ReLU + Dropout inplace

I’ve tried to chain ReLU and Dropout, both in place:

import torch
import torch.nn as nn
import torch.nn.functional as F

class Net(torch.nn.Module):
    def __init__(self):
        super(Net, self).__init__()
        self.conv = nn.Conv2d(3, 1, 1)
        self.relu = nn.ReLU(inplace = True)
        self.dropout = nn.Dropout(inplace = True)

    def forward(self, x):
        return self.dropout(self.relu(self.conv(x))).sum()

model = Net()
model.cuda()
model.train()

model(torch.autograd.Variable(torch.FloatTentsor(1, 3, 16, 16).cuda().uniform_())).backward()

This fails with: RuntimeError: one of the variables needed for gradient computation has been modified by an inplace operation

It seems one could still compute the gradient of ReLU even if Dropout was applied inplace after, since dropout is just a multiplication by a positive number and doesn’t change the ReLU gating mask.

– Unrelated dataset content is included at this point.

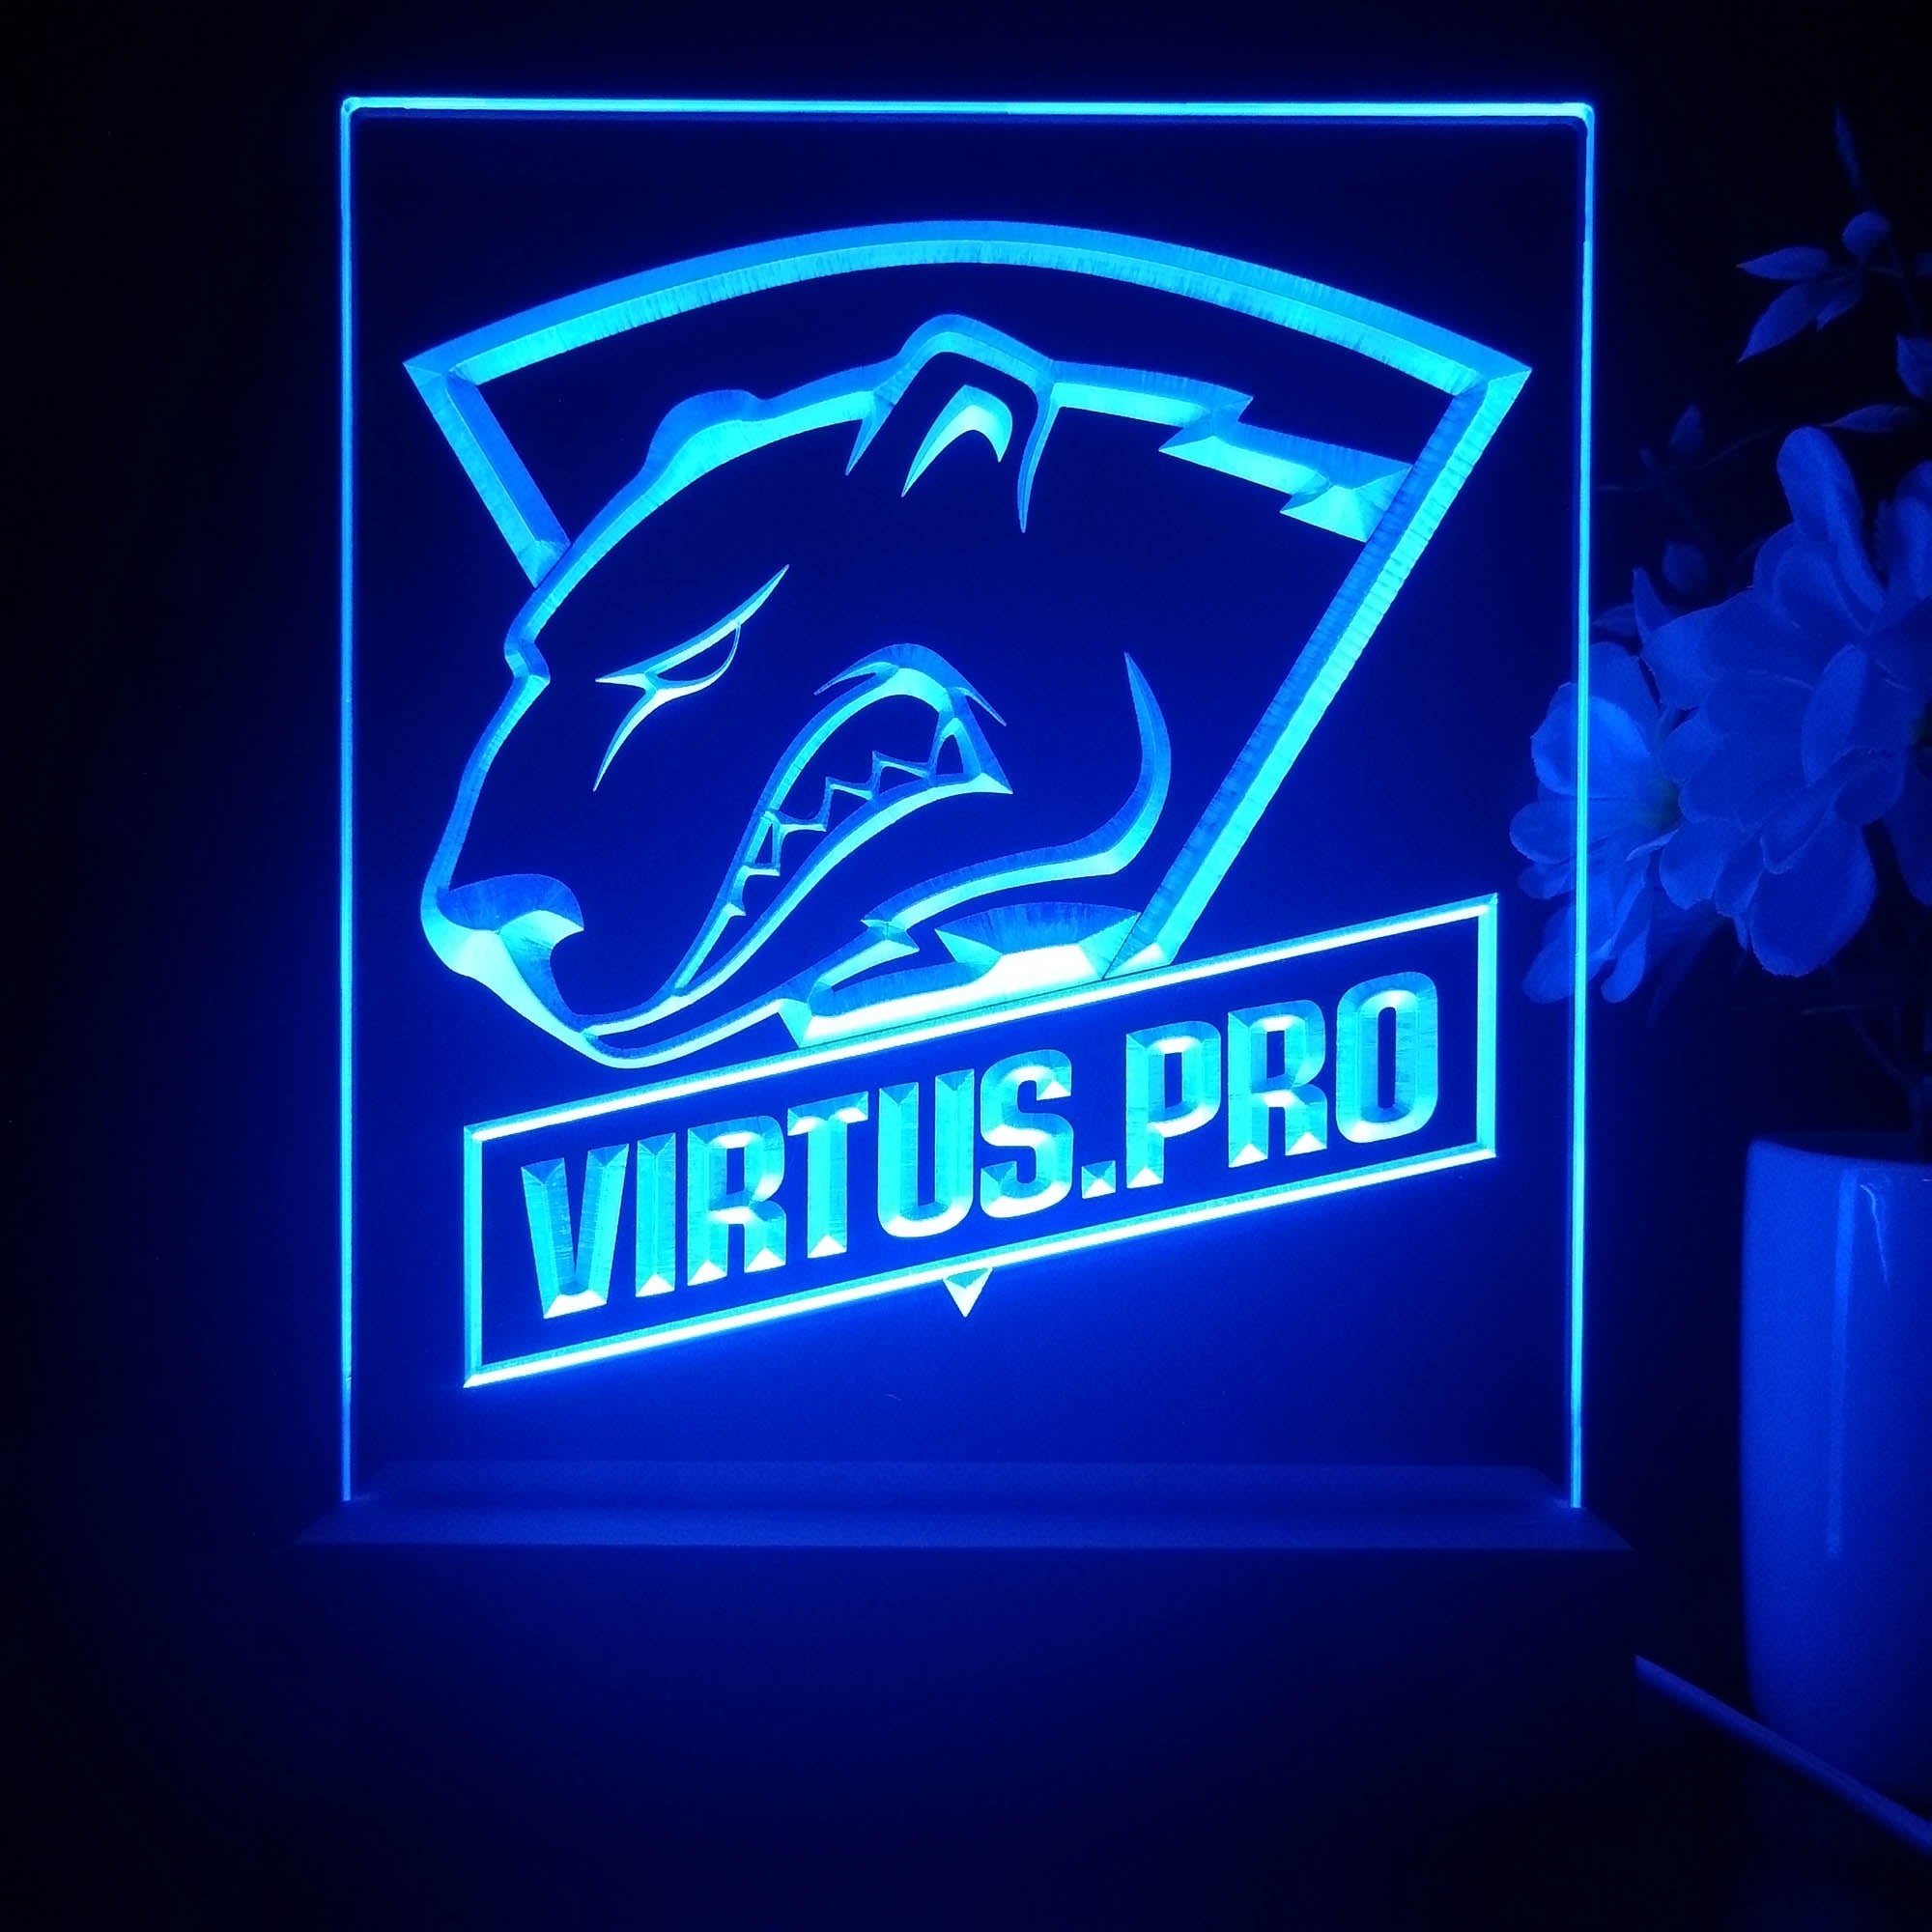 Virtus Pro 3D Illusion Night Light Desk Lamp
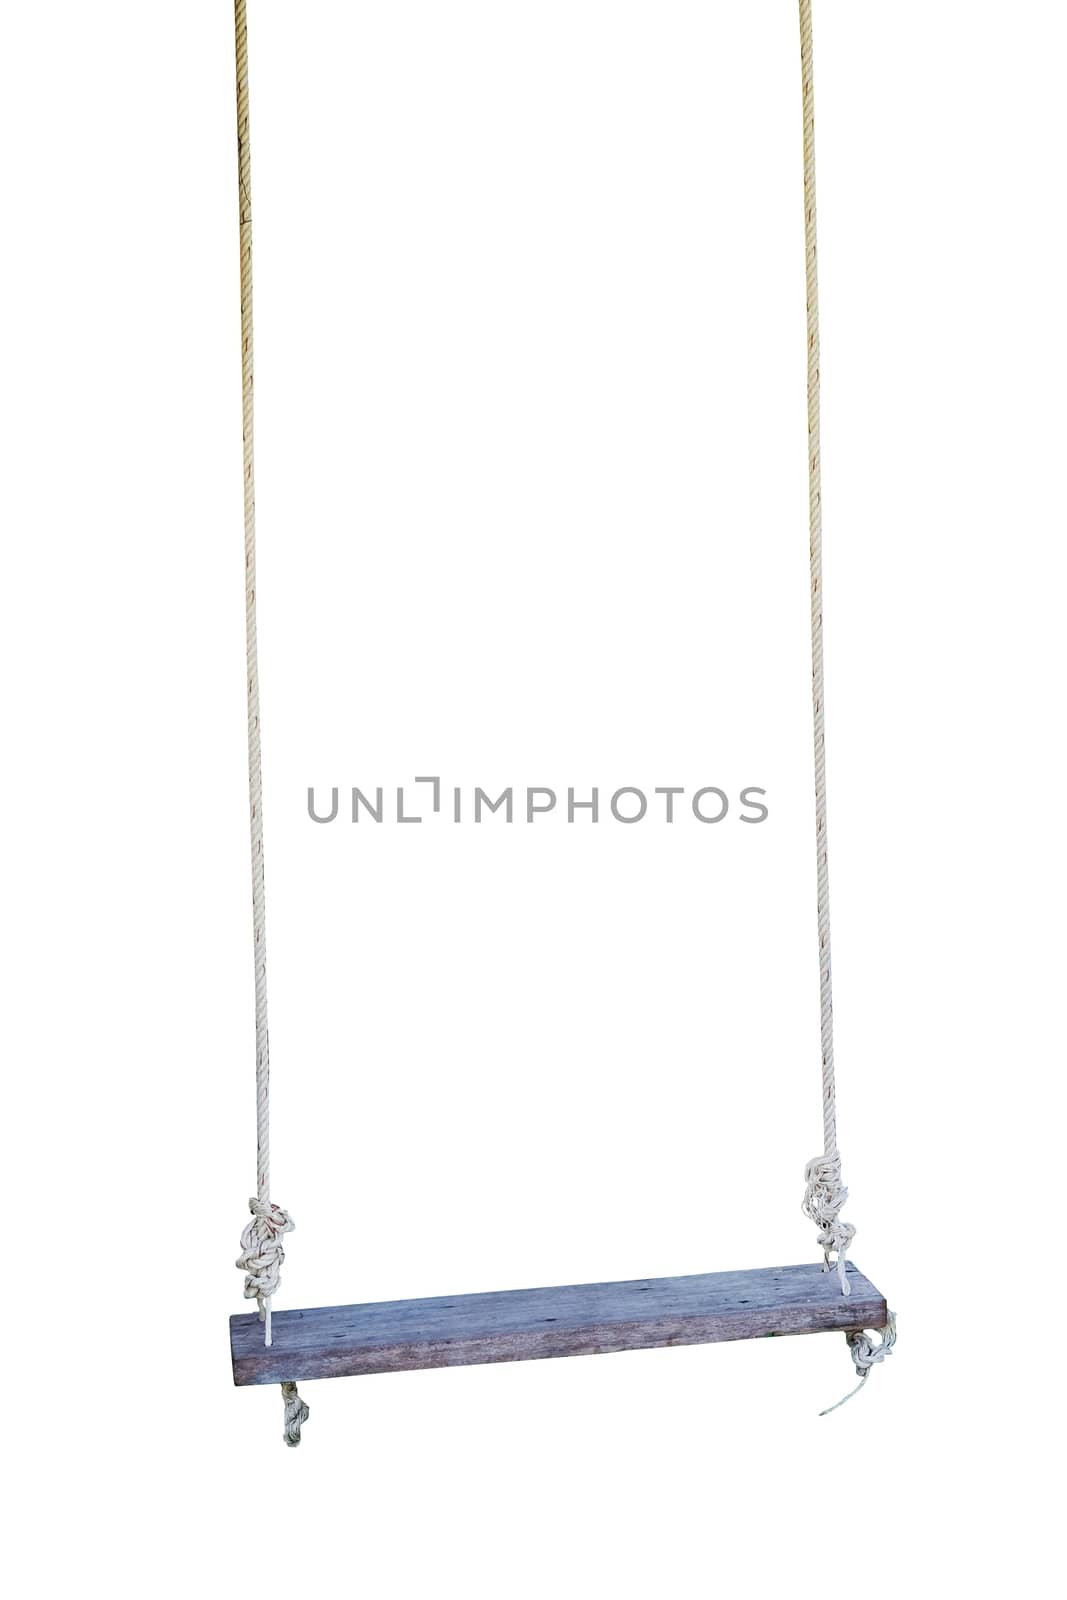 Wood swing Isolated on white background by Surasak

One can of course write a simple module for doing it in a combined way, but I was wondering your thoughts on expressing this in PyTorch (say, by disabling dirty checking if a module is marked by some special attribute) and possibility of fusion when JIT arrives?

@vadimkantorov I just tried this, and it ran without any errors for me on both CPU and GPU. I copied your code over verbatim. I am on PyTorch version 0.3.0.post4

Mine is 0.4.0a0+4ae0579

@apaszke Is it a regression then?

So the check is triggered because we don’t consider those “special cases” and I don’t think we will want to. It would complicate the logic too much and slow autograd down. Not sure about it wasn’t failing in 0.3, could be a regression, could be a necessary check that was added only later.

Sure, supporting constructs like ReLU + Dropout case-by-case is not worth it, especially if it slows everything down. I was thinking of a generic Module base class or module attribute that would disable dirty checking within that subgraph if a user wishes so.

That’s an interesting idea, but it really is a gamble. You shouldn’t assume anything about the state the library functions retain for backward, so your code could work just fine in one version, and be silently broken in another one. I think it’s safer to implement such things as a “fused” autograd function yourself. You don’t want to waste weeks of experimentation to discover bugs like these only later.

@apaszke Does the following look like a correct implementation?

If yes, do you think JIT / TorchScript could bring more performance improvements on CUDA (e.g. fuse this with Conv2d or BatchNorm1d)? I saw @ngimel used torch.rand instead of torch.bernoulli for better fusability, but does this apply to a custom autograd function?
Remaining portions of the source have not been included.